Audio Tutorial for iOS: File and Data Formats [2014 Edition]

Audrey Tam
Speaker with audio

Image credit: ilco

Before working with the iPhone, I had sadly little experience with sound formats. I knew the difference between .WAVs and .MP3s, but for the life of me I couldn’t tell you exactly what a .AAC or a .CAF was, or what the best way to convert audio files was on the Mac.

I’ve learned that if you want to develop on the iPhone, it really pays to have a basic understanding of file and data formats, conversion, recording, and which APIs to use when.

This audio tutorial is the first in a three-part Audio Tutorial series covering audio topics of interest to the iPhone developer. In this article, we’ll start by covering file and data formats.

(Jump to Part 2 or Part 3 in the Audio Tutorial series.)

File Formats and Data Formats, Oh My!

The thing to understand is that there are actually two pieces to every audio file: its file format (or audio container), and its data format (or audio encoding).

File Formats (or audio containers) describe the format of the file itself. The actual audio data inside can be encoded many different ways. For example, a CAF file is a file format, that can contain audio that is encoded in MP3, linear PCM, and many other data formats.

So let’s dig into each of these more thoroughly.

Data Formats (or Audio Encoding)

We’re actually going to start with the audio encoding rather than the file format, because the encoding is actually the most important part.

Here are the data formats supported by the iPhone, and a description of each:

  • AAC: AAC stands for “Advanced Audio Coding”, and it was designed to be the successor of MP3. As you would guess, it compresses the original sound, resulting in disk savings but lower quality. However, the loss of quality is not always noticeable depending on what you set the bit rate to (more on this later). In practice, AAC usually does better compression than MP3, especially at bit rates below 128kbit/s (again more on this later).
  • HE-AAC: HE-AAC is a superset of AAC, where the HE stands for “high efficiency.” HE-AAC is optimized for low bit rate audio such as streaming audio.
  • AMR: AMR stands for “Adaptive Multi-Rate” and is another encoding optimized for speech, featuring very low bit rates.
  • ALAC: Also known as “Apple Lossless”, this is an encoding that compresses the audio data without losing any quality. In practice, the compression is about 40-60% of the original data. The algorithm was designed so that data could be decompressed at high speeds, which is good for devices such as the iPod or iPhone.
  • iLBC: This is yet another encoding optimized for speech, good for voice over IP, and streaming audio.
  • IMA4: This is a compression format that gives you 4:1 compression on 16-bit audio files. This is an important encoding for the iPhone, the reasons of which we will discuss later.
  • linear PCM: This stands for linear pulse code modulation, and describes the technique used to convert analog sound data into a digital format. In simple terms, this just means uncompressed data. Since the data is uncompressed, it is the fastest to play and is the preferred encoding for audio on the iPhone when space is not an issue.
  • μ-law and a-law: As I understand it, these are alternate encodings to convert analog data into digital format, but are more optimized for speech than linear PCM.
  • MP3: And of course the format we all know and love, MP3. MP3 is still a very popular format after all of these years, and is supported by the iPhone.

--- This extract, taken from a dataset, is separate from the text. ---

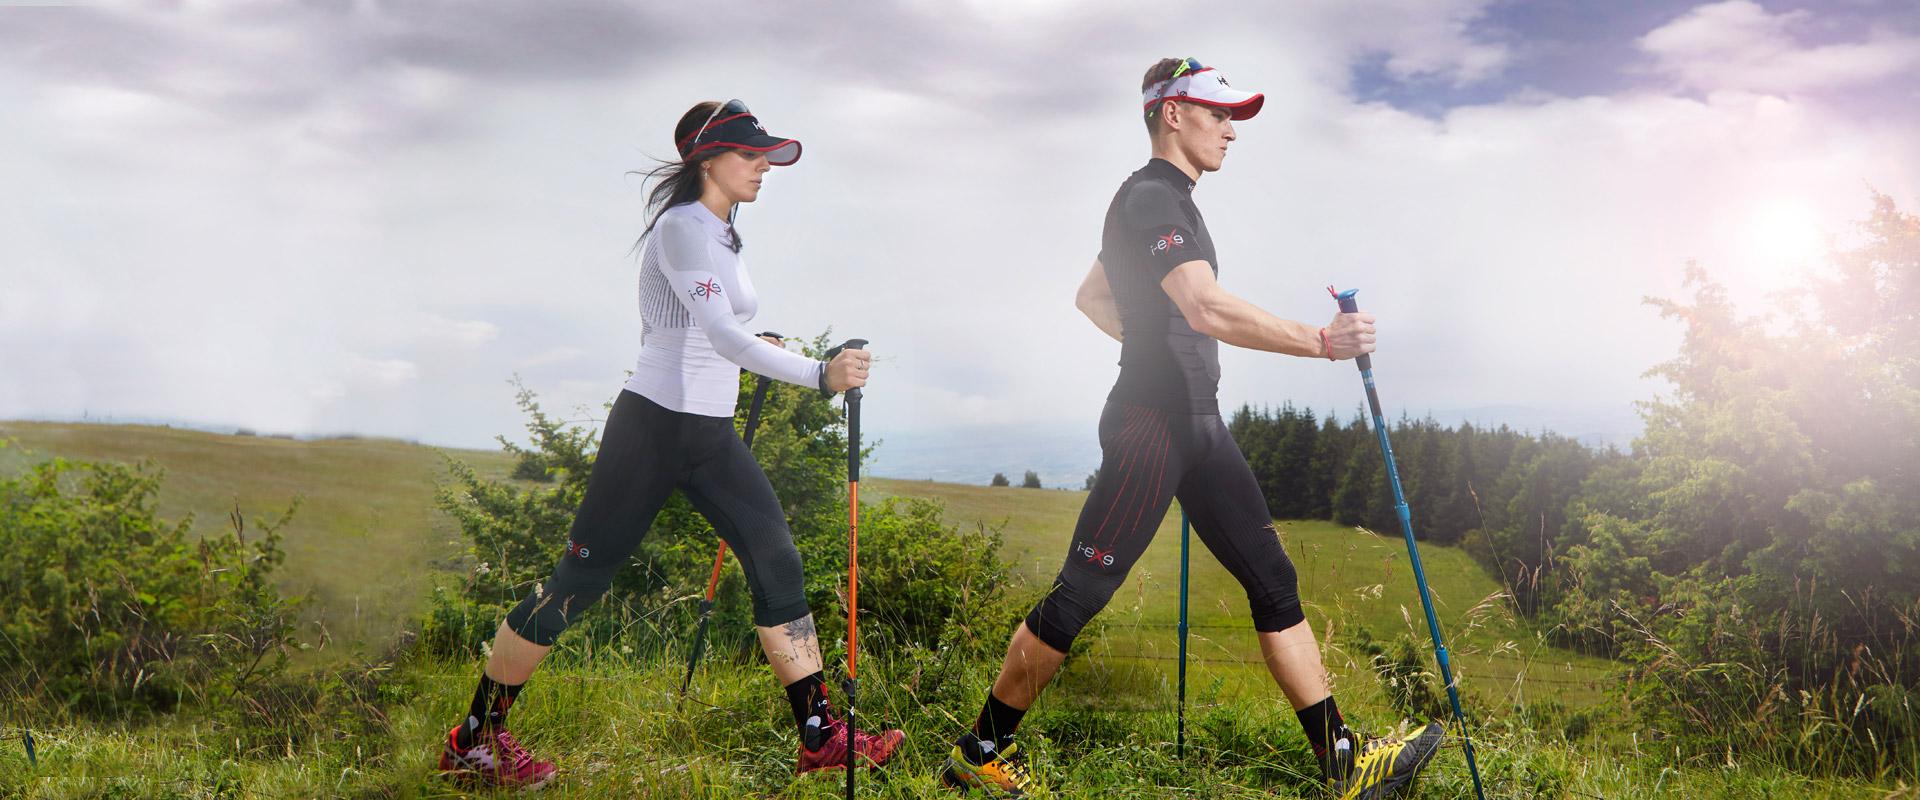 Trekking - Nordic Walking

For more information about these types see Apple’s Using Audio.

So which do I use?

That looks like a big list, but there are actually just a few that are the preferred encodings to use. To know which to use, you have to first keep this in mind:

  • You can play linear PCM, IMA4, and a few other formats that are uncompressed or simply compressed quite quickly and simultaneously with no issues.
  • For more advanced compression methods such as AAC, MP3, and ALAC, the iPhone does have hardware support to decompress the data quickly – but the problem is it can only handle one file at a time. Therefore, if you play more than one of these encodings at a time, they will be decompressed in software, which is slow.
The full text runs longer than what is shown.